The very good performance of the algorithm (see the “Precision” parameter, Figure 3) indicates that the algorithm automatically defines the number of instances required for the best computation. A limit is certainly the first setting of the parameter of the algorithm (see the definition of the parameters, such as the Gaussian/Sobel/Hessian filter parameters bilateral/Lipschitz/Gabor/derivative/structured filtering conditions, etc. [13]). Moreover, the high level of sensitivity of the error response was confirmed by slowly varying the algorithm’s parameters. Also, other neural network algorithms could be used for image processing, such as long short-term memory (LSTM). This last algorithm requires the establishment of further settings of parameters calibrated for specific images, which could increase the error calculus. The choice of FRF was then mainly due to the optimisation of the dermatopathology platform to decrease the computational time and simultaneously increase the response accuracy (the main properties of the FRF algorithm).
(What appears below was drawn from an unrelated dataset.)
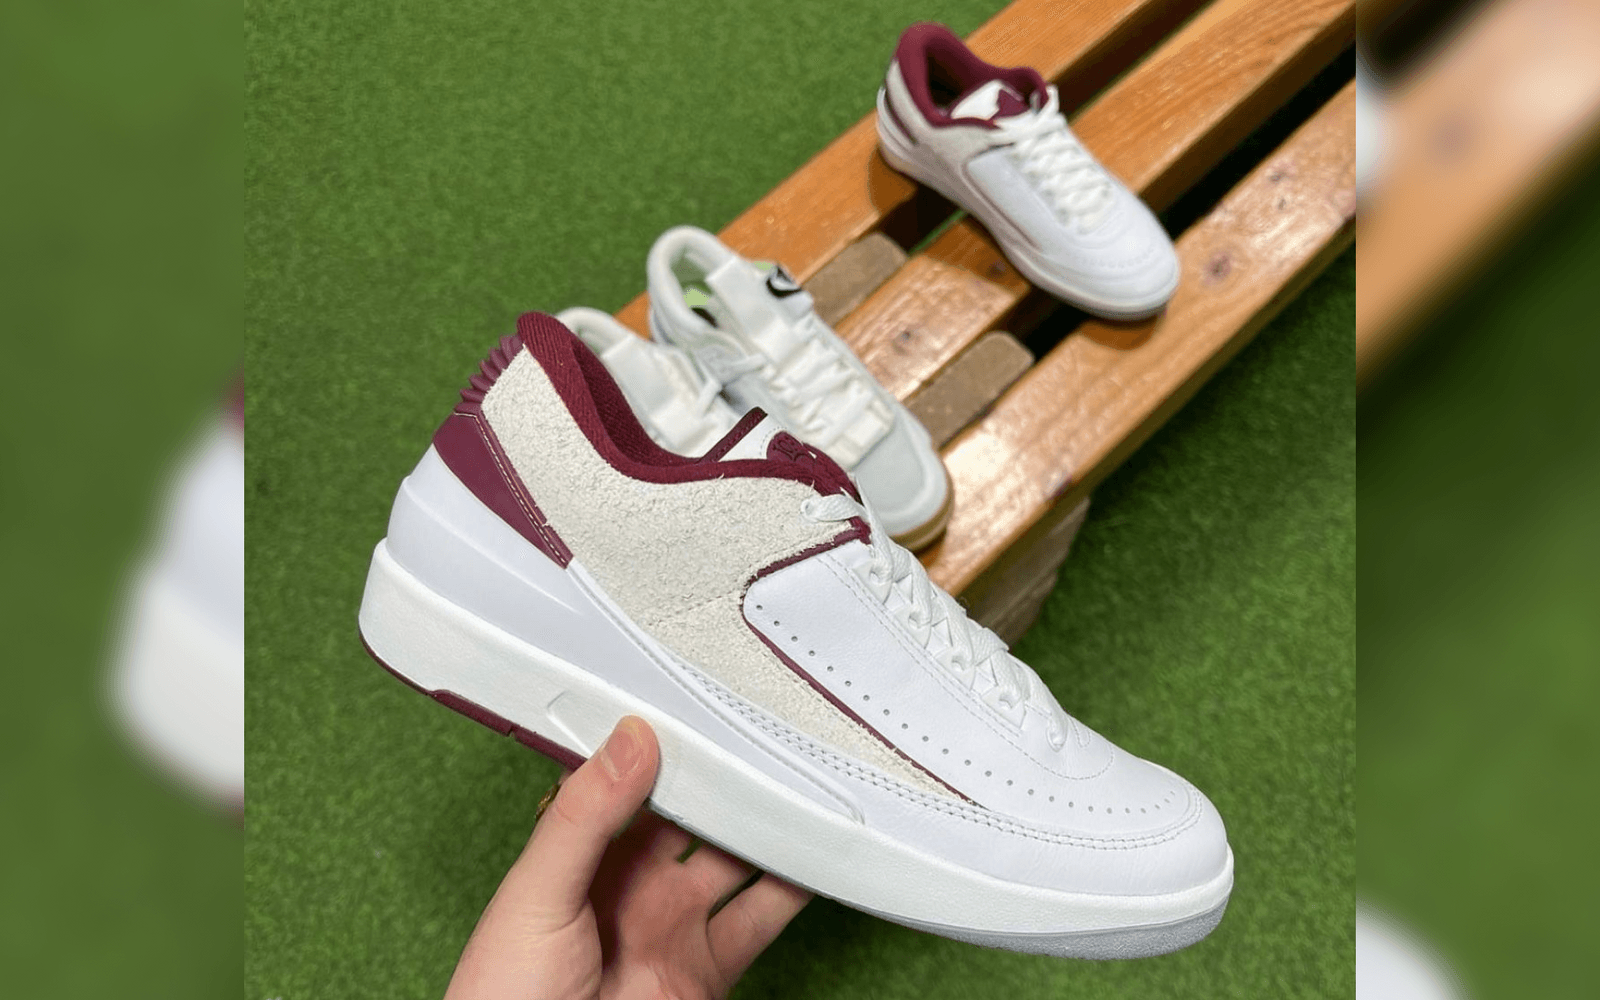 First Look of The New Air Jordan 2 Low Cherrywood TheSiteSupply

It is important to underscore that the indicators adopted for the analysis of the experimental results in Table 5 are:

• The total image area (mm²): this indicator provides a reference for the related percentage of the anomalous clusters of the dimension of a specific area according to the image scale (this percentage will increase for a wider image);
• The number of red pixels: the possibly anomalous pixels contained in the image, which represent a primary quantification of the ”risk distribution”;
• Equivalent area (mm²): the red pixels are merged to estimate an equivalent area which is useful in defining the final percentage value via losing the information associated with the spatial distribution;
• Equivalent area (%): the final indicator defining the threshold of risk for the pre-screening analysis; the threshold could change after changing the FRF algorithm parameters (a change in the parameters could increase or decrease the number of red pixels, thus changing the threshold value, which is set to 12 % according to the clinical point of view).

5. Conclusions

Even today, despite advances in the histopathological diagnosis of atypical, pigmented lesions, NM continues to be a source of diagnostic error. In this paper, we have attempted to introduce an innovative prognostic procedure in dermatopathology to decrease the risk of NM misdiagnosis and to hasten the flow within the pathology laboratory. The procedure was formulated into a preliminary clinical protocol based on the application of the FRF algorithm, which is optimized to be efficient while using a low number of images for training the model. New studies with larger case series are necessary to confirm or otherwise refute our reported results.